Natural gas infrastructure explained
LNG CASE STUDY
Natural gas infrastructure explained
People worldwide rely on natural gas for electricity, heat, light, transportation fuel, chemical production, and more.1 But how does that gas, which begins as decomposing plant and animal matter buried deep within sedimentary rock or along the ocean floor,2 get to our homes, businesses, public facilities, and more?
For that remarkable process, we can all thank the complex system natural gas infrastructure of pipelines, liquefaction, storage, shipping and trucking, and regasification that New Fortress Energy is proud to play a vital role in creating and maintaining.
What is natural gas?
At its most basic, natural gas is simply carbon and hydrogen – methane (CH4), to be specific.3 In its raw form, it may contain additional components such as butane, propane, pentane, nitrogen, carbon dioxide, and water vapor.4 It’s colorless, odorless, and tasteless.5
Natural gas begins as animals and plants that have died and decomposed.6 Through heat and pressure over millions of years, those fossils transform into fossil fuels: coal, oil, and natural gas.7 Some rises to the surface of the earth or the ocean floor.8 The rest becomes trapped in the crevices among the rocks and sediment miles below the surface of the Earth, and must be accessed by drilling or going through oil wells and coal deposits.9
Here at New Fortress Energy, we deliver liquefied natural gas, or LNG. LNG simply means the natural gas has been cooled and condensed into a liquid that occupies 1/600 of its gaseous volume.10
Natural gas brings many benefits: it’s abundant, safe, cost-effective, reliable, efficient, easily transported, and, perhaps most important, environmentally friendly.11 In fact, it’s the world’s cleanest-burning hydrocarbon, generating as much as 55% fewer carbon dioxide emissions than coal.12 Natural-gas-fueled power plants emit less than 10% of the pollutants that coal-fired plants do.13 And since LNG is not stored in underground tanks like oil is, it’s unlikely to contaminate soil or water sources.14
What is natural gas infrastructure?
Natural gas infrastructure includes everything that brings this fuel from its source to the end users: pipelines, transportation and storage facilities, and processing operations.15
What are the types of natural gas infrastructure?
Let’s take a walk along the journey through natural gas infrastructure.
- It starts with the pipelines, which gather gas from the wells where it has been extracted from under the Earth’s surface, then send it to a processing plant or a larger pipeline for transportation elsewhere.16 Here’s a fun fact – together, all the world’s natural gas pipelines could go to the moon and back at least eight times!17
- Most often, the raw natural gas then moves to processing facilities to remove contaminants18 and be treated and purified into just methane.19
- Here at New Fortress Energy, the next step is liquefaction, changing the gas into a liquid so we can more easily and safely move it wherever it’s needed around the world.
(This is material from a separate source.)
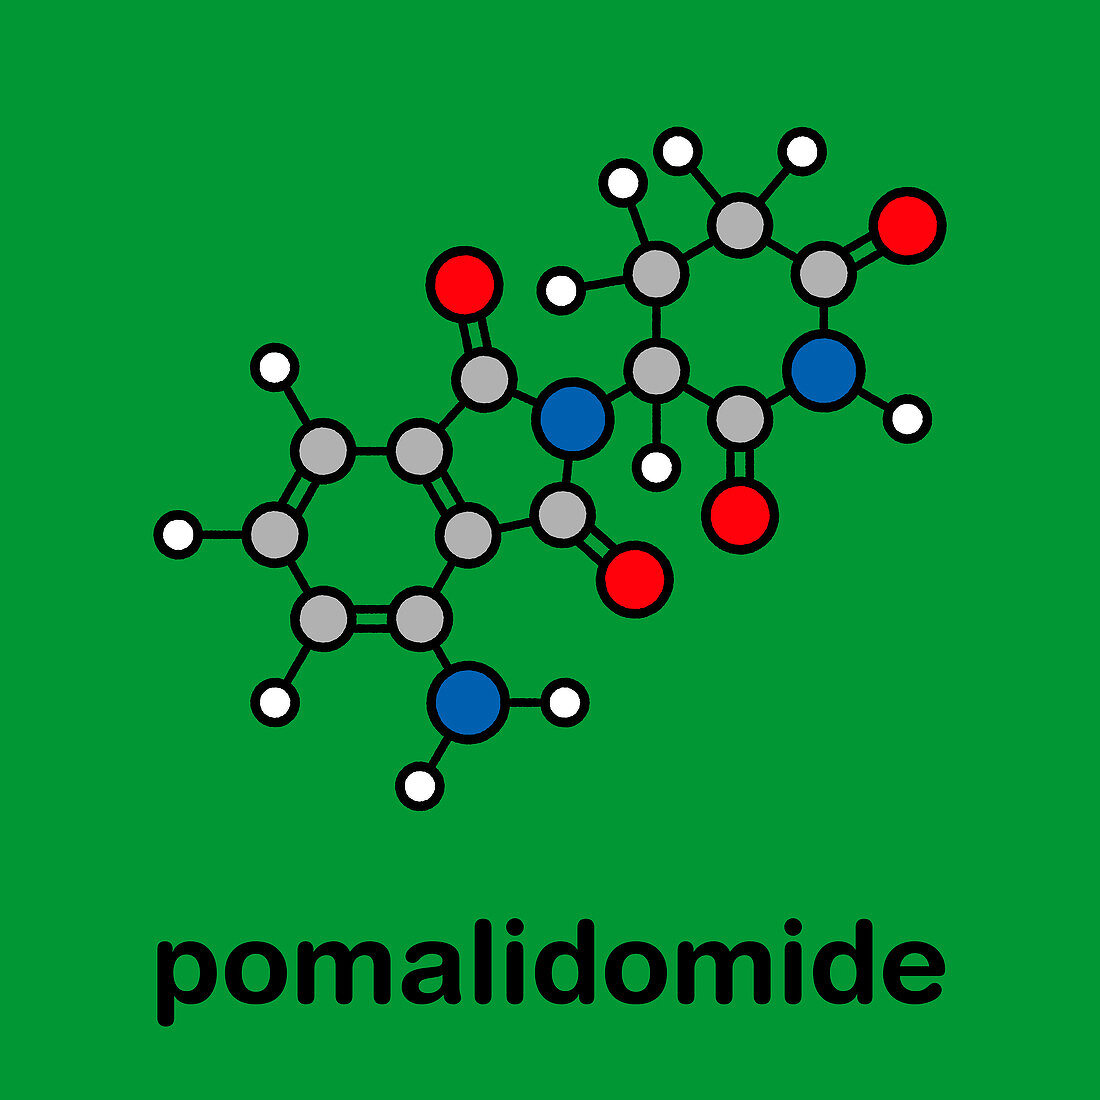 Pomalidomide multiple myeloma drug, molecular model

Our liquefier plant in Miami, Florida, can process 100,000 gallons of natural gas every day for delivery to commercial, industrial, and transportation customers throughout South Florida and the Caribbean.
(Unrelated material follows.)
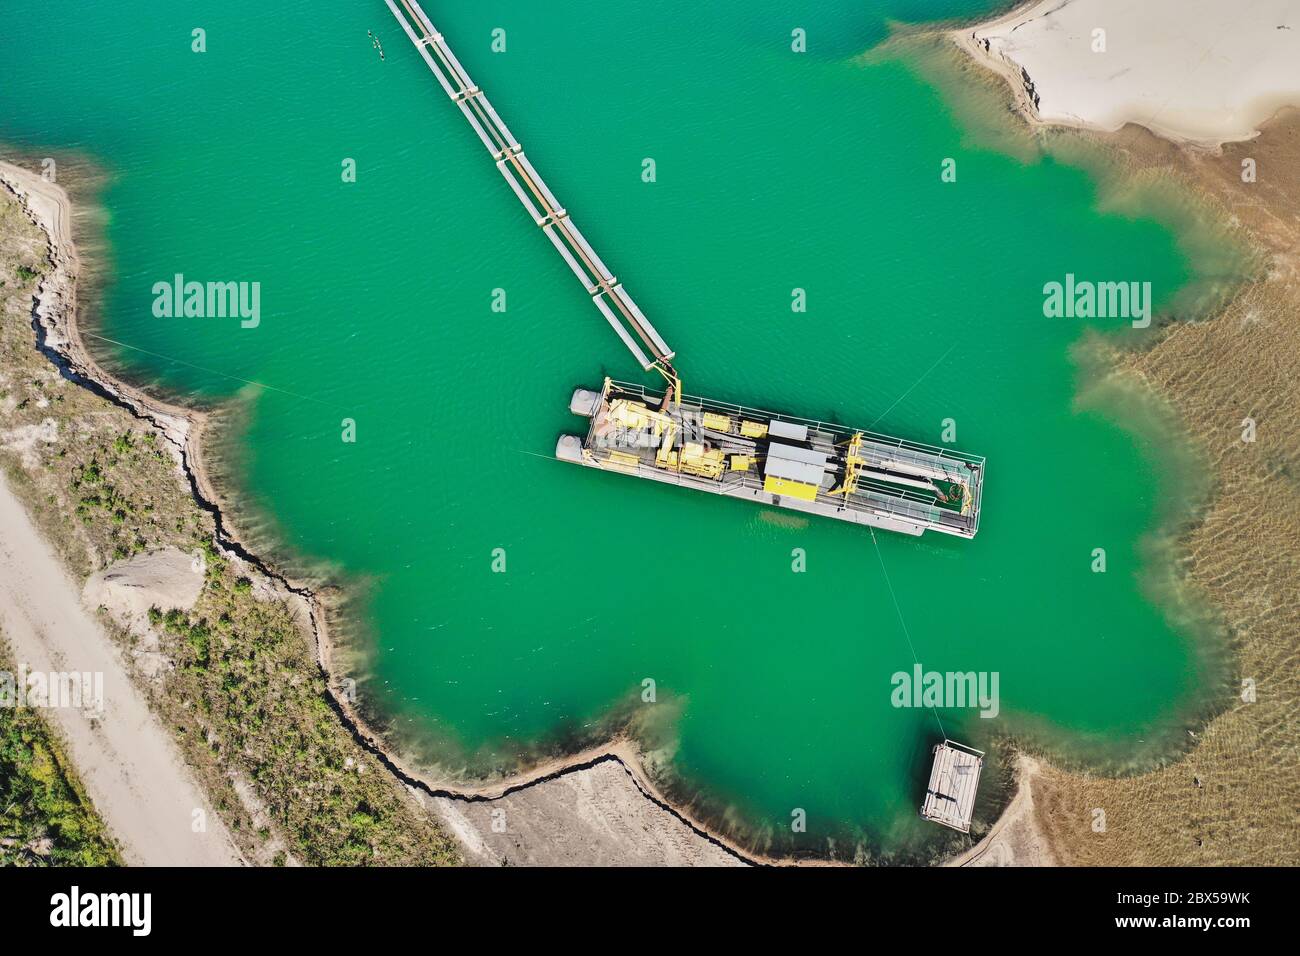 Fotografia aerea verticale di una draga aspirante in un'area mineraria umida per sabbia e ghiaia, con tubazioni collegate per rimuovere la sabbia Foto Stock

- Then, it’s time for storage – the natural gas has earned a rest! LNG storage can be in a variety of places, such as underground aquifers, salt caverns, and even former oil and gas fields.20 We store LNG in our own facilities, such as our landed storage in Montego Bay, Jamaica, and our offshore storage in Old Harbour, Jamaica.
- The final step is transportation to customers. This is where LNG’s advantages shine, because LNG has the luxury of moving wherever it needs to go. By sea, it moves in massive, double-hulled carrier ships.21 In Puerto Rico and Mexico, trucks bring LNG to our small-scale customers. Either way, it is kept in tanks cooled to -160°C so it stays in its liquid form.22
- In order for the LNG to be used as fuel, it undergoes regasification which involves warming it until it reverts to its gaseous state.23 This can happen at a customer’s facility, or at a LNG terminal; in the latter case, the gaseous natural gas then travels by large intrastate or interstate pipelines to customers.24
Why is natural gas infrastructure important?
The simple answer is that the remains of decomposed fossils are a vital source of fuel worldwide, but they can’t move themselves! Powering the world with the positive energy of natural gas requires an effective system of acquisition, processing, storage, and transportation.
What are the benefits of natural gas infrastructure?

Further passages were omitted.